PySpark UDF of MapType

Last Updated : 12 Sep, 2023

Consider a scenario where we have a PySpark DataFrame column of type MapType. Keys are strings and values can be of different types (integer, string, boolean, etc.). I need to do some operations on this column, Filter, transform values, or extract specific keys from a map. PySpark allows you to define custom functions using user-defined functions (UDFs) to apply transformations to Spark DataFrames. PySpark has built-in UDF support for primitive data types, but handling complex data structures like MapType with mixed value types requires a custom approach. This tutorial will walk you through the steps to create his PySpark UDF of mixed-value MapType.
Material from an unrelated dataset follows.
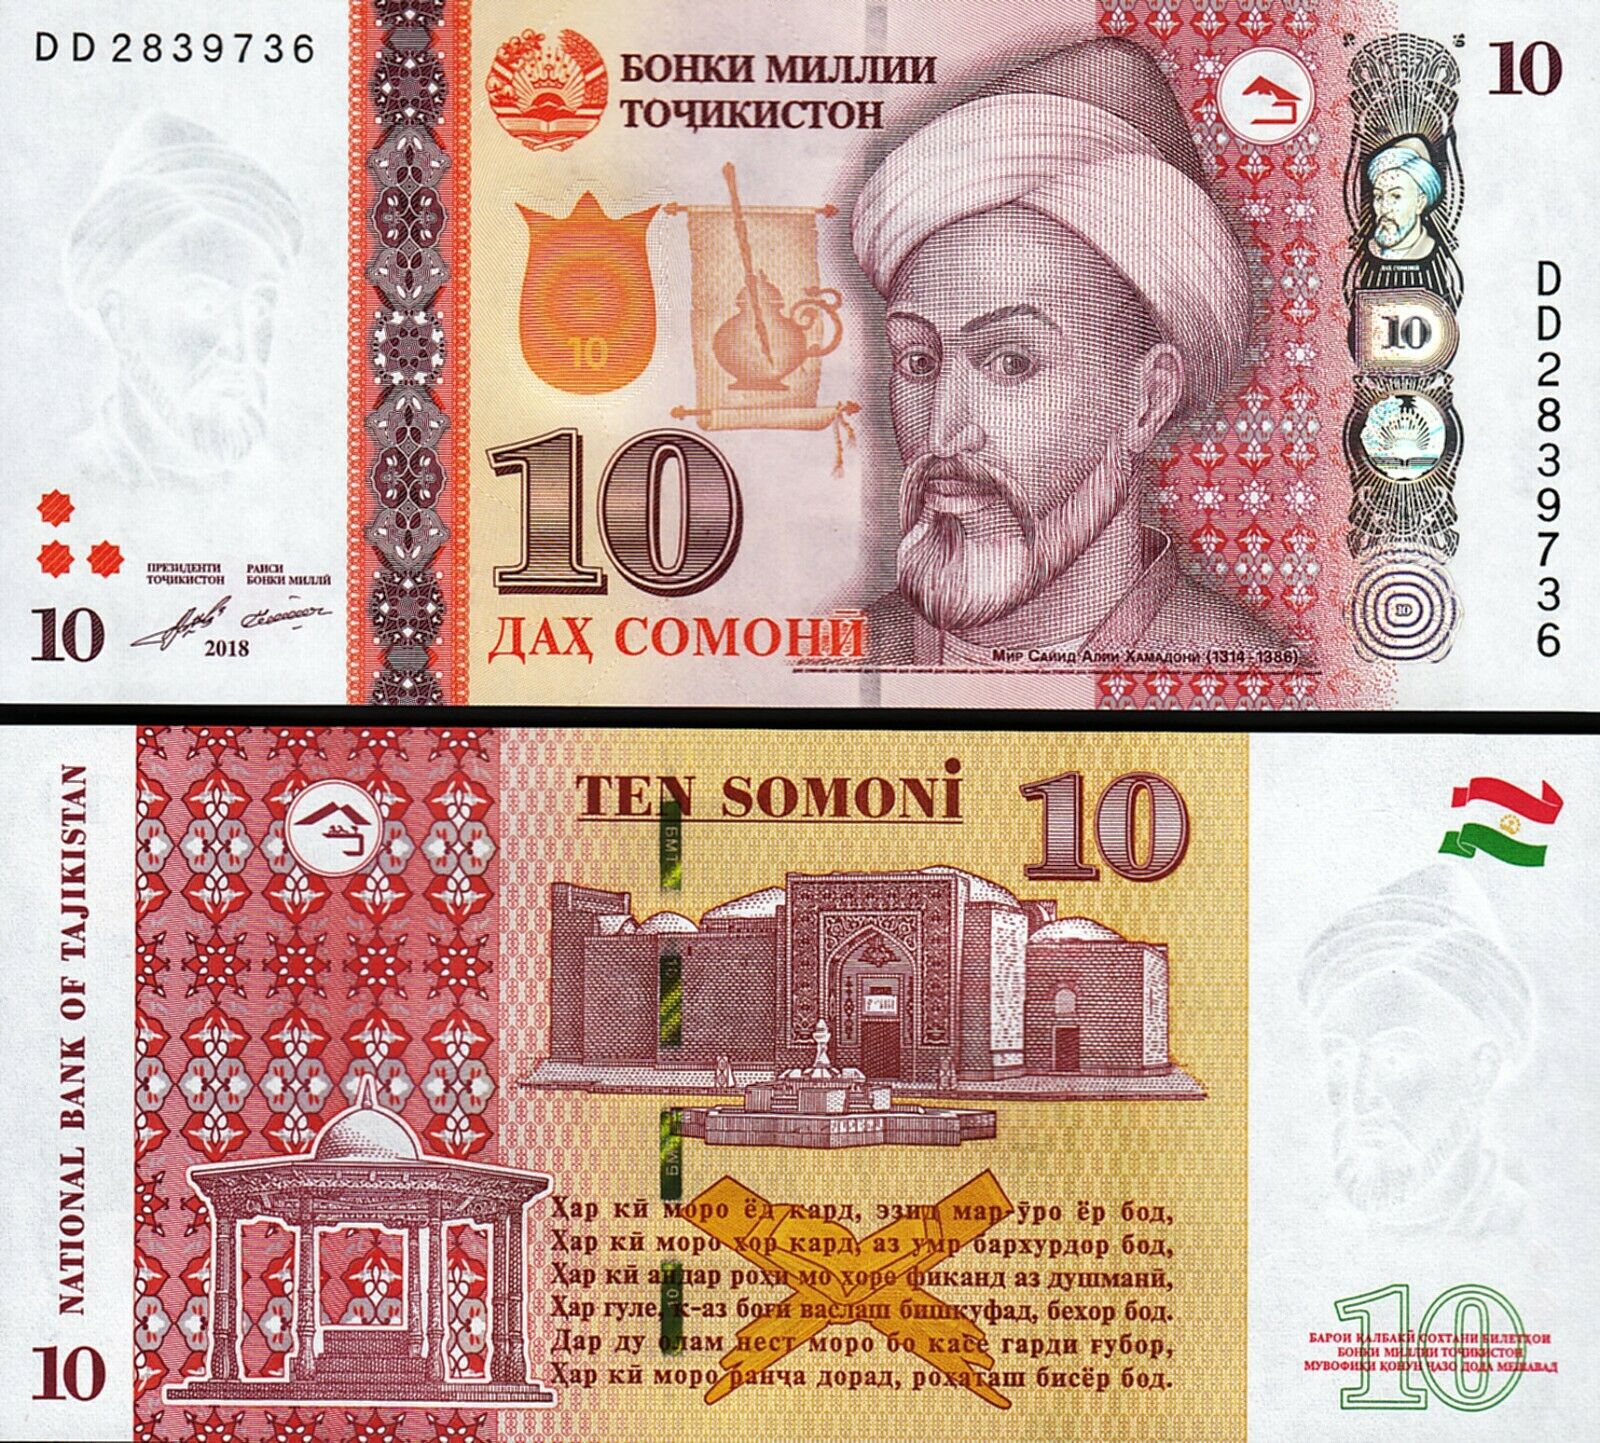 5000 рублей в сомони на сегодня. Купюры Таджикистана. Таджикские банкноты. Таджикский Сомони. Купюры Таджикистана 1000 Сомони.

PySpark UDF of MapType Function and their Syntax

The UDF function in pyspark.sql.functions is used to define custom functions. It requires two parameters. Python functions and return types.

Syntax of PySpark UDF

Syntax: udf(function, return type)

A MapType column represents a map or dictionary-like data structure that maps keys to values. It is a collection of key-value pairs, where keys and values can have different data types.

Syntax of PySpark MapType

Syntax: MapType(keyType,valueType,valueContainsNull=True)

Parameters:

keyType: Datatype of the keys in the map, which are not allowed to be null.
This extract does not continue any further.